Pari réussi, donc, pour Krisztina Simon et Juliana Koutná lorsque les visiteurs quittent l’exposition avec – c’est le cas de le dire – un nouveau regard sur la situation des personnes aveugles, et des personnes atteintes d’un handicap en général. Un travail de pédagogie qui se fait sur la durée. Krisztina Simon :
« Nous voulons aussi rapprocher les deux mondes et expliquer aux gens comment aider les personnes aveugles. L’idée de départ, c’est qu’une personne qui ne voit pas est une chose sur laquelle les gens ont des idées préconçues. Alors qu’en fait notre vue est souvent une limite : quand nous voyons quelqu’un nous avons tout de suite des préjugés sur cette personne sans même lui parler.
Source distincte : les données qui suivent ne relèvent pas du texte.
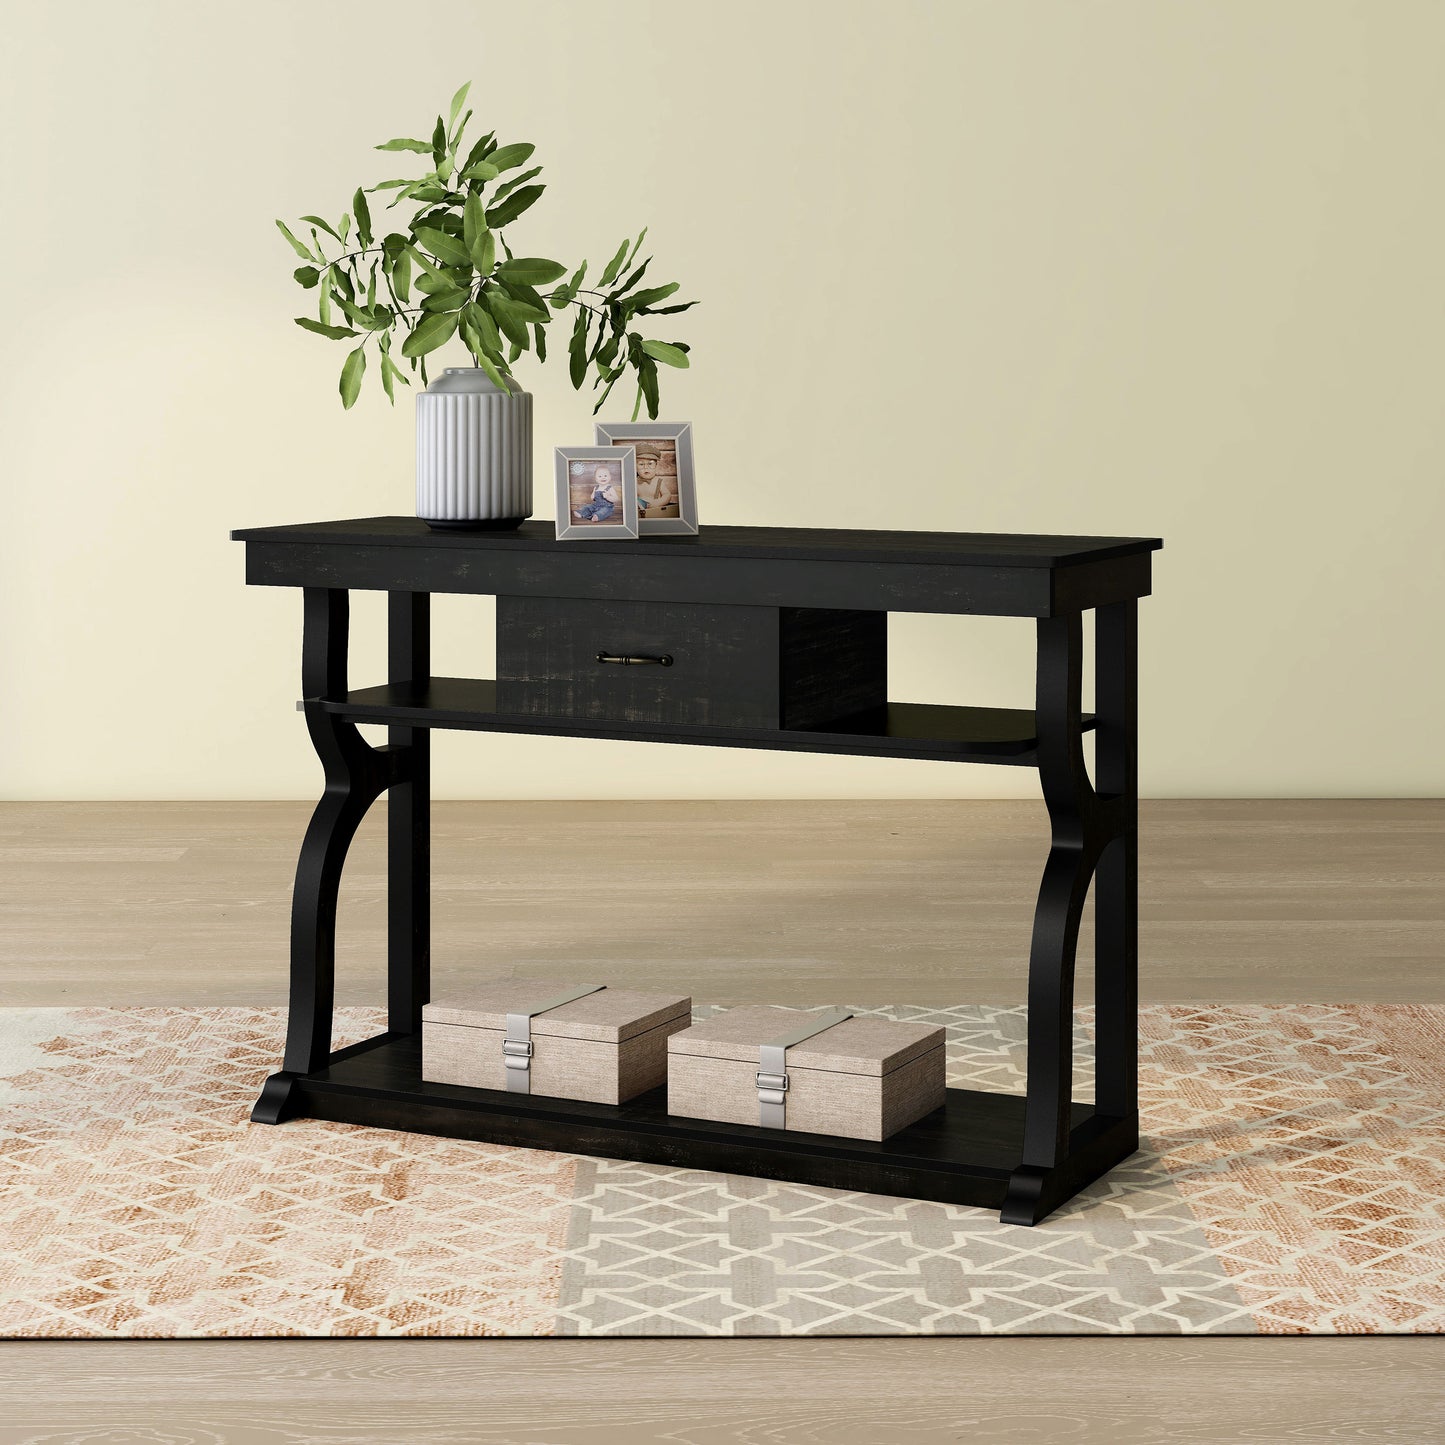 Left angled farmhouse reclaimed black oak three-shelf storage console table with a drawer on an area rug with accessories

Alors je pense que nous avons beaucoup à apprendre aux gens sur les aveugles. »La formule fait en tout cas recette : près de 17 000 personnes ont déjà visité l’exposition, dont la moitié des groupes scolaires et d’étudiants, ainsi qu’un grand nombre d’entreprises qui viennent participer aux activités de teambuilding « invisibles » également proposées. En deux ans, le deuxième étage de la mairie de la Nouvelle Ville ne désemplit pas, et il est très fortement conseillé de réserver sa place avant de s’y rendre. Un succès pour les organisateurs, qui comptent bien rester à leur place aussi longtemps que le public sera au rendez-vous.